The manipulation of food availability for the snail (L. stagnalis) host of D. pseudospathaceum explained only a small fraction of the variation observed in parasite life-history traits. The treatment groups did not differ in mortality of the snails, which might indicate that the 2-week food manipulation was not enough to cause severe starvation in the snails collected from Lake Vuojärvi. However, in our previous experiment that used snails from another lake, L. Huumojärvi, similar food deprivation increased the mortality of the snails and decreased the number of released cercariae from the “starved” snails (Seppälä et al. 2008). The difference between these results may be explained by the larger snail size in Vuojärvi compared with Huumojärvi (shell length 53 mm vs. 44 mm), when snails might have more resources to resist short periods of food stress. In addition, in this study, the snails were kept in lower ambient temperature (15°C in this study vs. 20°C in Seppälä et al. 2008), which might have reduced snail metabolism and led to weaker treatment effects.

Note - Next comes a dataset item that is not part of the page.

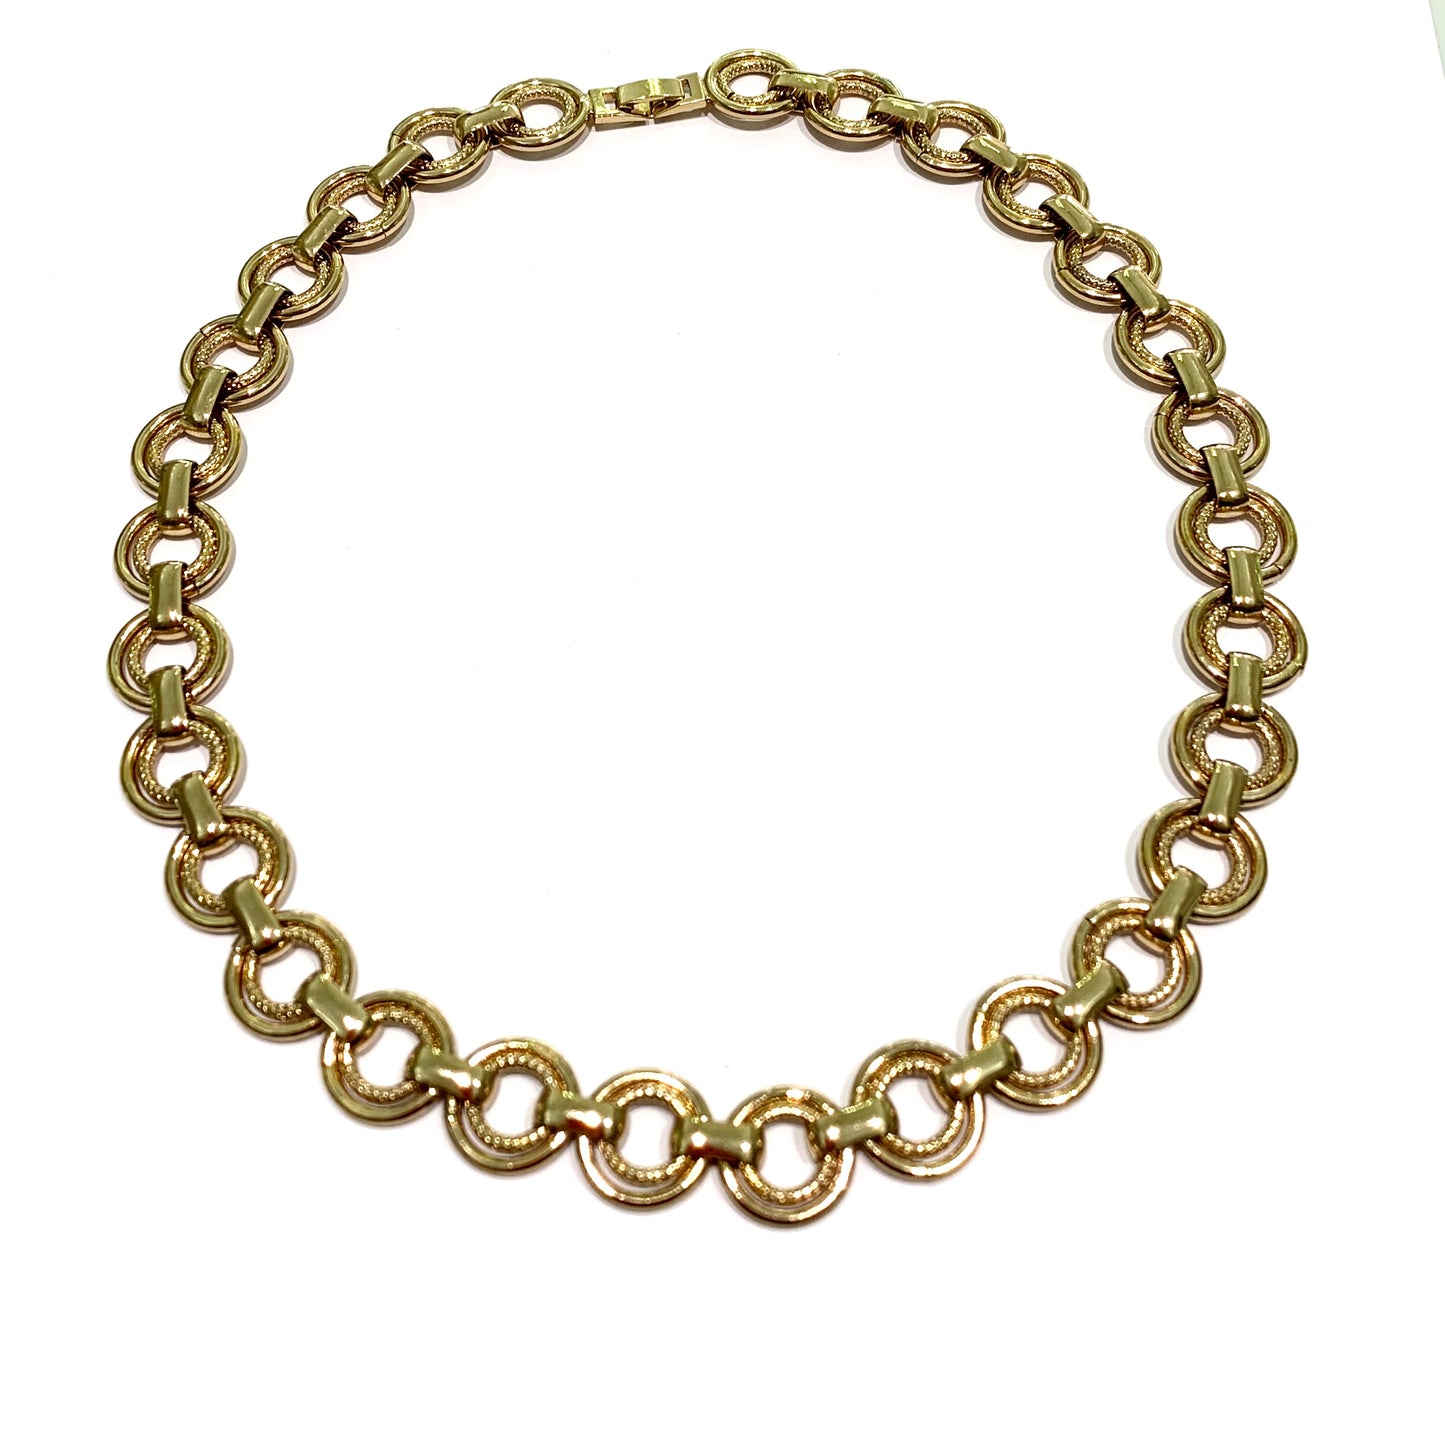 Collana girocollo in bijoux bagnata in oro 14kt composta da cerchi.  Lunghezza catena 50 cm.  Larghezza catena 1,5 cm.  Spedizione gratuita con confezione regalo.

In summary, these data reveal that transmission-related life-history traits of D. pseudospathaceum are highly variable within a naturally infected snail population. This is in line with the high levels of neutral genetic diversity reported for this trematode species (Louhi et al. 2010). The variation in parasite traits was not affected by a 2-week starvation treatment of the snail hosts. Instead, we found significant differences among the genotypes in all four transmission traits examined as well as significant temporal variation in the traits within each genotype. This may be indicative of an adaptive bet-hedging strategy, where temporal within-genotype variation increases the likelihood of some parasite clones surviving and reaching the next host. Alternatively, such variation may result from phenotypic plasticity in response to temporal dynamics within the snail hosts.